Maybe I've told this story before, but I'm telling it again.


For about a year, I had been hankering for dog. I had dogsat everyone else's dog in town -- co-workers and friends and a few strangers -- so I decided it was time to get my own dog. My childhood pet that lived at my parent's house died about nine years ago, and I missed having a dog.


I started checking out dogs online, and even had a one-on-one meeting with some, but none seemed to fit what I was looking for. I wanted a dog small enough to live with in my tiny two bedroom/one bath, but big enough to do dog things like run at the park. And I wanted one that didn't have a weird underbite or strange skin condition--like some of the dogs had.

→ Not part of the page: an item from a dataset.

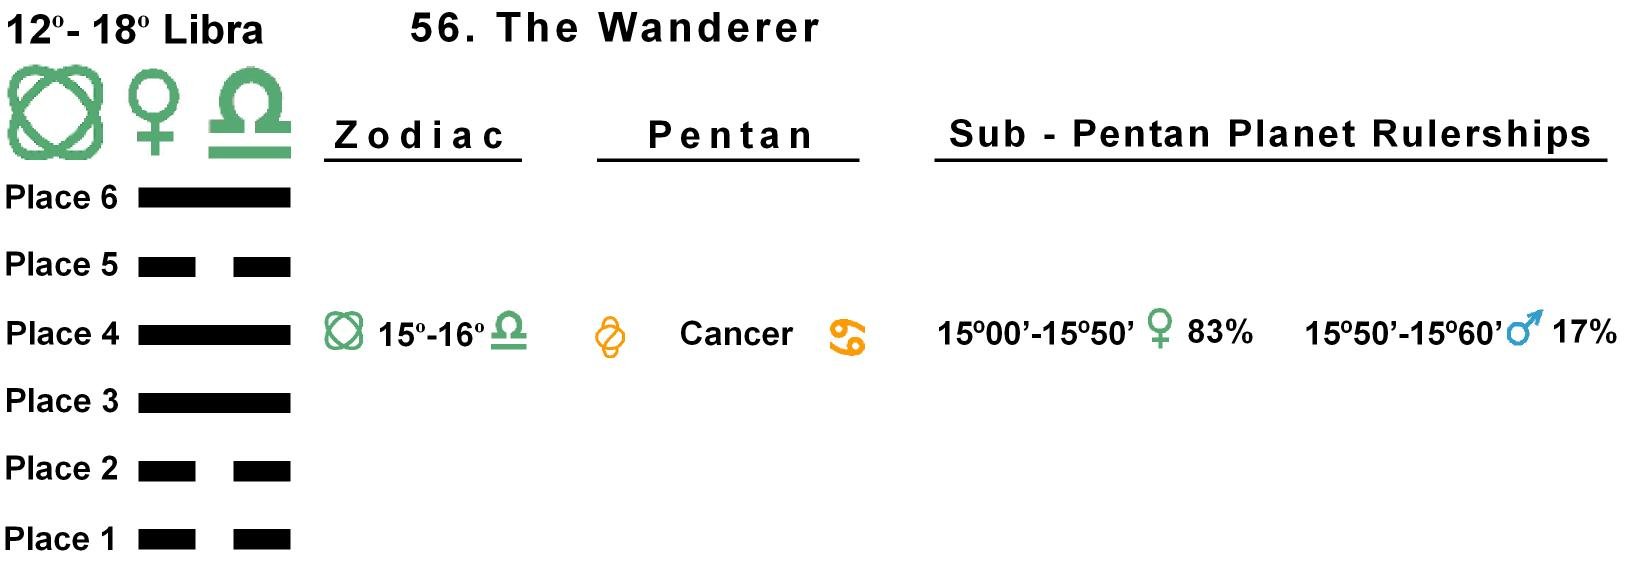 Pent-lines-07LI 15-16 Hx-56 The Wanderer

Also, the dog needed to be non-barky and genuinely happy.


Some things happened in life which left me a bit sad--a young co-worker was killed in a car wreck, my best Houston-based friend moved to New Jersey, and then, one Sunday morning, I got the news that my nieces' beloved dog, Sparky, had been hit by a car. On the day that day, I decided, I'm getting a happy dog--today.


I went to a local pet adoption center and met one dog that was especially friendly with a great waggy-wag tail. I took the dog for an attempted walk, and she actually obeyed the command to stop. She did freak me out a bit when she peed on the concrete, but I was told she was recently potty-trained. She was a big bigger than what I was looking for, but I didn't want to see that happy dog go back into her crate, and then maybe meet her maker before her time, so I took her home.

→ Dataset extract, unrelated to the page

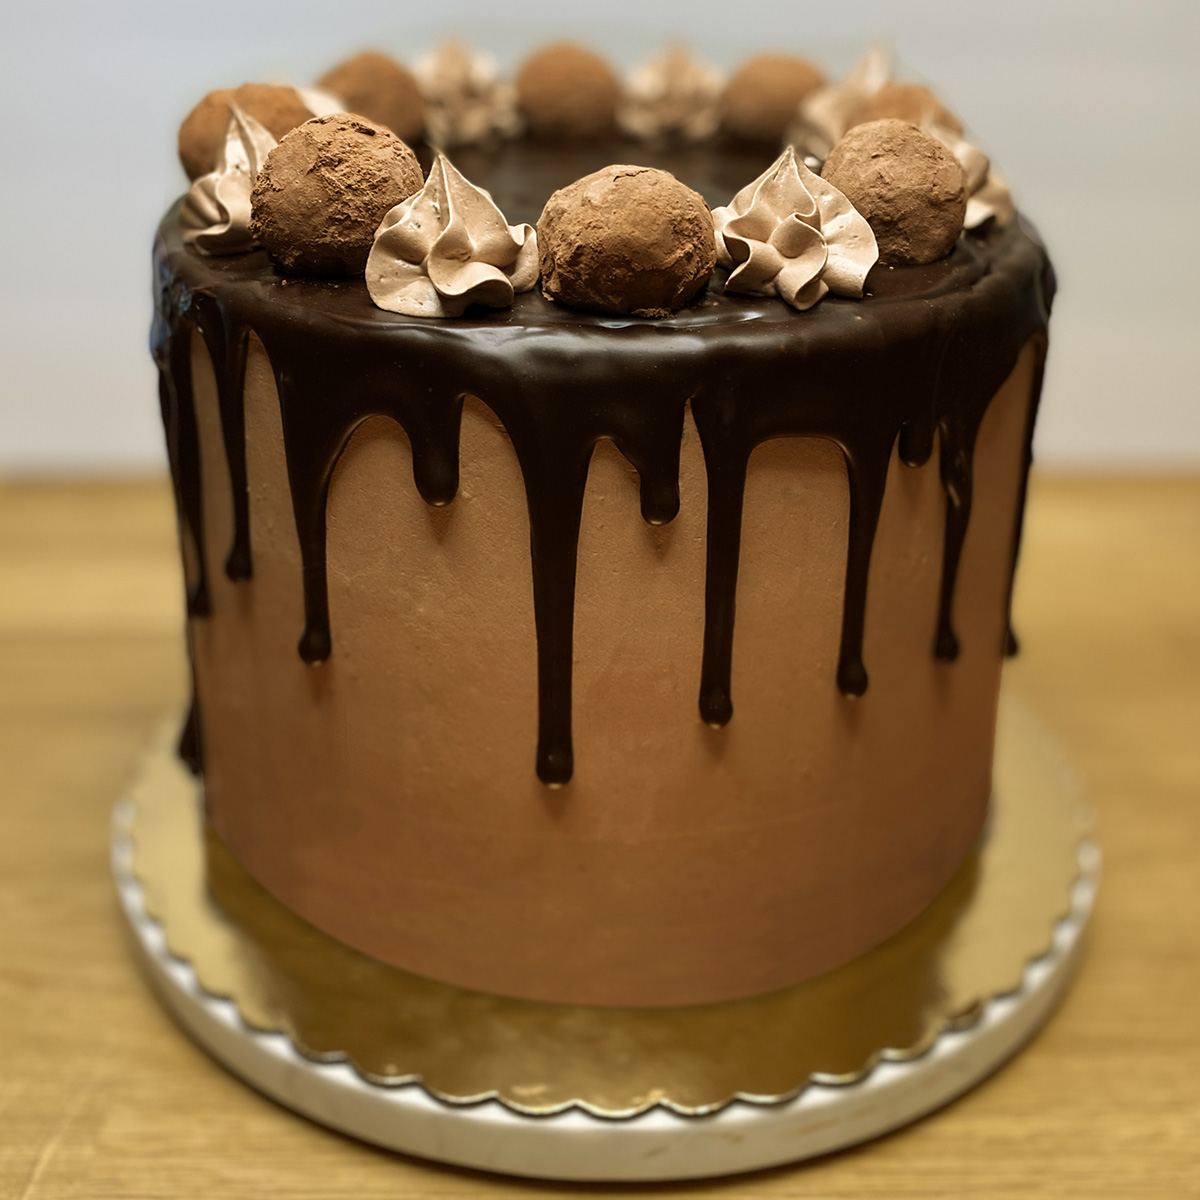 Chocolate Overlord Cake – Dave’s Sugar Rush Bakery

My house was totally not ready for a dog, but I did the best I could and made a quick stop to PetCo to begin my journey of spending half my paycheck there.


I didn't let my nieces know for a week that I had gotten a dog because I didn't want to remind them about dogs since their own dog had died. A few weeks passed, and then my sister's family began to search for a new pup to befriend their remaining dog, Paws, who was lonely since Sparky was gone.


In three different scenarios, the new dog adoption fell through, so my sister asked me what I thought about the girls taking my new dog since Mickey had turned out to be quite a bit too much for my apartment and lifestyle. So I said okay, but I wanted to wait until Thanksgiving to drive her to Kentucky. I was worried about her flying in the dungeon of the plane. And I thought that would give me significant time to get over my doggie-fever.


So, on Wednesday, Mickey the Dog and I will begin our journey to her new home and my old home. I am so excited to see the look on my nieces' face when I bring them Mickey. I'm not excited to see my own face as I drive 15 hours with a dog.


Mickey and I have had some sweet times, but I know that God has positioned me to be more devoted to the high school students and friends around me, than my dog. I will miss her waggy-wag tail and her hugs terribly, but I am so excited that she will have a real yard to run in and a new dog pal and some sweet dog-loving girls to keep her busy.


The deal is also that I get her back when they go to college. So, by then, hopefully she will be old and lazy like I will be at that time, too. What is a bit frustrating is that it kind of feels a bit like my dog is getting married before me. Oh well. May she and Paws live Happily Ever After.